A phase II study to evaluate the efficacy and safety profile of the combination of Pemetrexed and Carboplatin in elderly patients with advanced non-small cell lung cancer

Condition or Disease Intervention/Treatment Phase
Phase 2

Study Design

Study Type:
Interventional
Actual Enrollment :
62 participants
Allocation:
Non-Randomized
Intervention Model:
Single Group Assignment
Masking:
None (Open Label)
Primary Purpose:
Treatment
Official Title:
A Phase II Trial Pemetrexed Carboplatin as First Line Chemotherapy for Advanced Non-Small Cell Lung Cancer (NSCLC) in Elderly Patients
Study Start Date :
Aug 1, 2006
Actual Primary Completion Date :
Nov 1, 2008
Actual Study Completion Date :
Nov 1, 2009

Arms and Interventions

Arm Intervention/Treatment
Experimental: Pemetrexed + Carboplatin

Pemetrexed: 500 milligrams per square meter (mg/m^2), intravenous (IV), every 21 days x 6 cycles. Carboplatin: Area Under the Curve (AUC) 5, intravenous (IV), every 21 days x 6 cycles.

Drug: pemetrexed
500 milligrams per square meter (mg/m^2), intravenous (IV), every 21 days x 6 cycles
Other Names:
  • LY231514
  • Alimta

    • Drug: carboplatin
    Area Under the Curve (AUC) 5, intravenous (IV), every 21 days x 6 cycles

    Outcome Measures

    Primary Outcome Measures

    1. Percentage of Participants With a Complete or Partial Tumor Response (Overall Tumor Response) [baseline to measured objective tumor response (up to six 21-day cycles)]

      Tumor response is defined as the percentage of patients with either a complete response or a partial response. Response was determined using Response Evaluation Criteria In Solid Tumors (RECIST) criteria. Complete Response=disappearance of all target lesions and Partial Response=30% decrease in sum of longest diameter of target lesions.

    Secondary Outcome Measures

    1. Time to Treatment Failure [baseline to stopping treatment (up to six 21-day cycles)]

      Defined as the time from study enrollment to the first observation of disease progression, death as a result of any cause, or early discontinuation of treatment.
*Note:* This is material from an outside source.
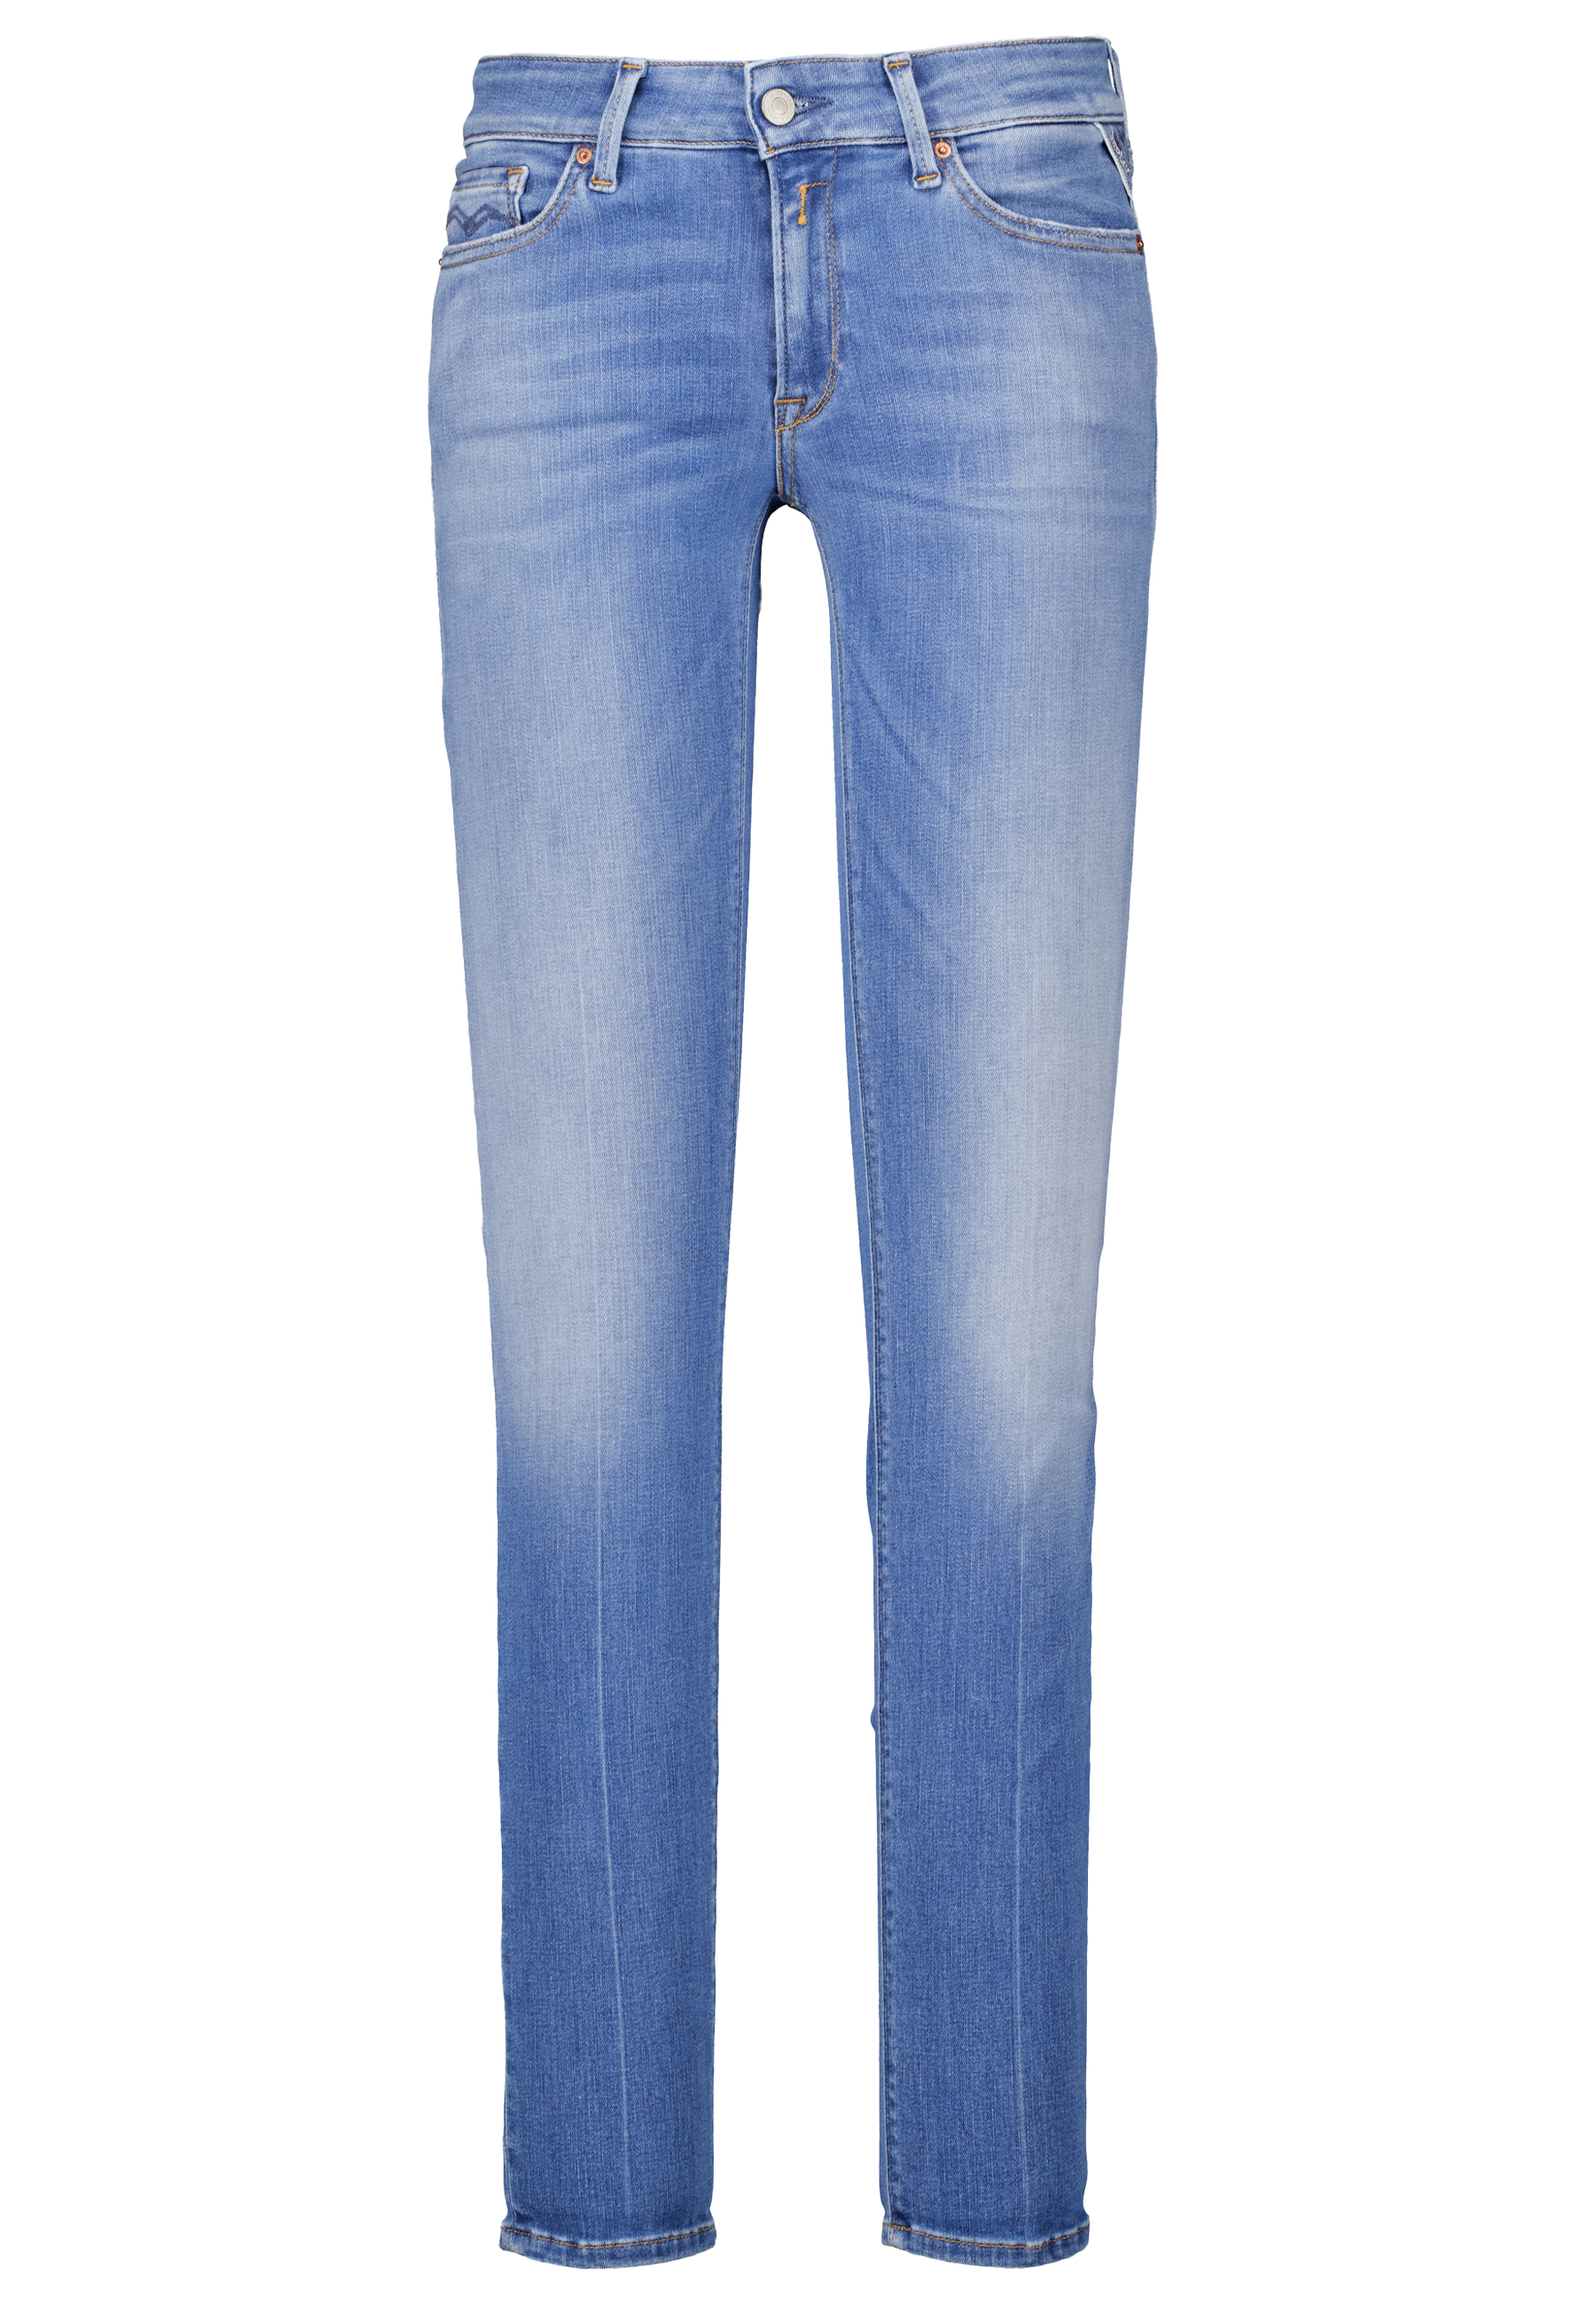 Replay jeans jeans Dames maat 26/32

Time to treatment failure was censored at the date of the last follow-up visit for patients who did not discontinue early, who were still alive, and who have not progressed.

    2. Overall Survival [baseline to date of death from any cause (up to 14.5 months)]

      Overall survival is the duration from enrollment to death. For patients who are alive, overall survival is censored at the last contact.

    3. Estimated Probability of One Year Progression-free Survival [baseline to measured progressive disease or death, 1 year]

      Progression free survival (PFS) is the duration from enrollment until first disease progression or death. For patients not known to have died as of the data cut-off date and who do not have progressive disease, PFS is censored at the last radiological assessment date.

    Other Outcome Measures

    1. Time to Treatment Failure [baseline to stopping treatment (up to six 21-day cycles)]

      Defined as the time from study enrollment to the first observation of disease progression, death as a result of any cause, or early discontinuation of treatment. Time to treatment failure was censored at the date of the last follow-up visit for patients who did not discontinue early, who were still alive, and who have not progressed.

    Eligibility Criteria

    Criteria

    Ages Eligible for Study:
    70 Years and Older
    Sexes Eligible for Study:
    All
    Accepts Healthy Volunteers:
    No
    Inclusion Criteria:

    • Pathologically confirmed Non Small Cell Lung Cancer Stage IIIb (not amenable to radiotherapy treatment) or Stage IV

    • No previous chemotherapy for lung cancer

    • Men and women > or = 70 years

    • At least one uni-dimensionally measurable lesion (Response Evaluation Criteria In Solid Tumors [RECIST]criteria)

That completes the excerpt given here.